Enabling GPU Acceleration

GPU acceleration is enabled per-network with two steps:

Go

network, _ := nn.BuildNetworkFromJSON(config)
network.GPU = true                    // Enable GPU mode
err := network.WeightsToGPU()         // Transfer weights to GPU memory
if err != nil {
    log.Fatal("GPU not available:", err)
}

// Forward automatically routes to GPU
output, duration := network.Forward(input)

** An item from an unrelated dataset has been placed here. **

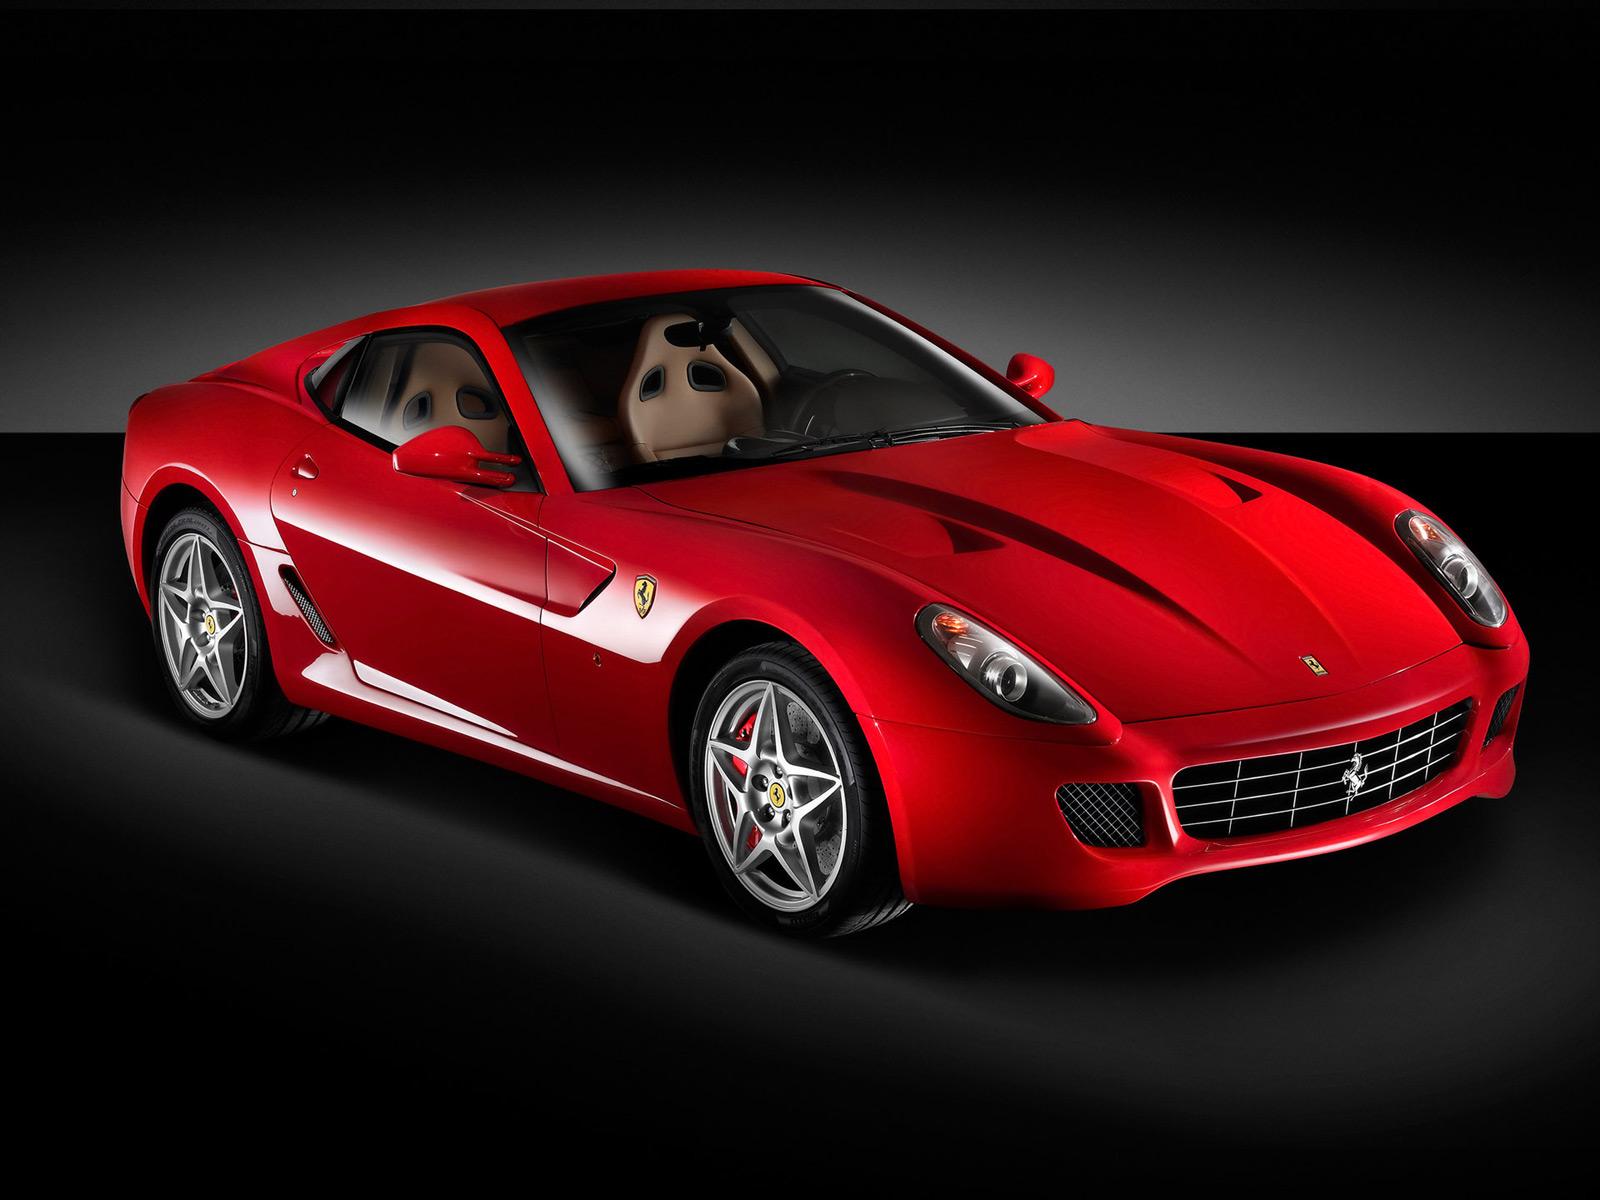 Top Cars Modif: Ferrari 599 GTB Pictures

// When done, release GPU resources
network.ReleaseGPUWeights()

All layer types below support both CPU and GPU execution with automatic parity checking.

Supported Layers Status

Layer	Forward	Backward	Notes
Dense	✅ Stable	✅ Stable	Best speedup (up to 20x).
Conv2D	✅ Stable	✅ Stable	Good for large batches/kernels.
Conv1D	✅ Stable	⚠️ Experimental	Accuracy under review.
RNN / LSTM	✅ Stable	⚠️ Experimental	Verified parity, BPTT limited.
SwiGLU	✅ Stable	⚠️ Experimental	Works perfectly.
Norms	✅ Stable	⚠️ Experimental	LayerNorm and RMSNorm supported.
MHA	✅ Stable	⚠️ Experimental	Multi-Head Attention supported.

Dense Layer

The Dense (fully-connected) layer is the fundamental building block. Every input connects to every output through learned weights.

What It Does

Text

Inputs (2048)                    Outputs (2048)
    │                                  │
    ├── w₀₀, w₀₁, ... ──────────────▶ o₀
    ├── w₁₀, w₁₁, ... ──────────────▶ o₁
    │        ...                       ...
    └── w₂₀₄₇,₀, ... ──────────────▶ o₂₀₄₇

Total: 2048 × 2048 = 4,194,304 weights

JSON Configuration

Json

{
  "id": "dense_network",
  "batch_size": 1,
  "grid_rows": 1,
  "grid_cols": 1,
  "layers_per_cell": 5,
  "layers": [
    {"type": "dense", "activation": "leaky_relu", "input_height": 2048, "output_height": 2048},
    {"type": "dense", "activation": "leaky_relu", "input_height": 2048, "output_height": 2048},
    {"type": "dense", "activation": "leaky_relu", "input_height": 2048, "output_height": 2048},
    {"type": "dense", "activation": "leaky_relu", "input_height": 2048, "output_height": 2048},
    {"type": "dense", "activation": "sigmoid", "input_height": 2048, "output_height": 2}
  ]
}

Go Code Example

Go

// Create a dense layer programmatically
layer := nn.InitDenseLayer(2048, 2048, nn.ActivationLeakyReLU)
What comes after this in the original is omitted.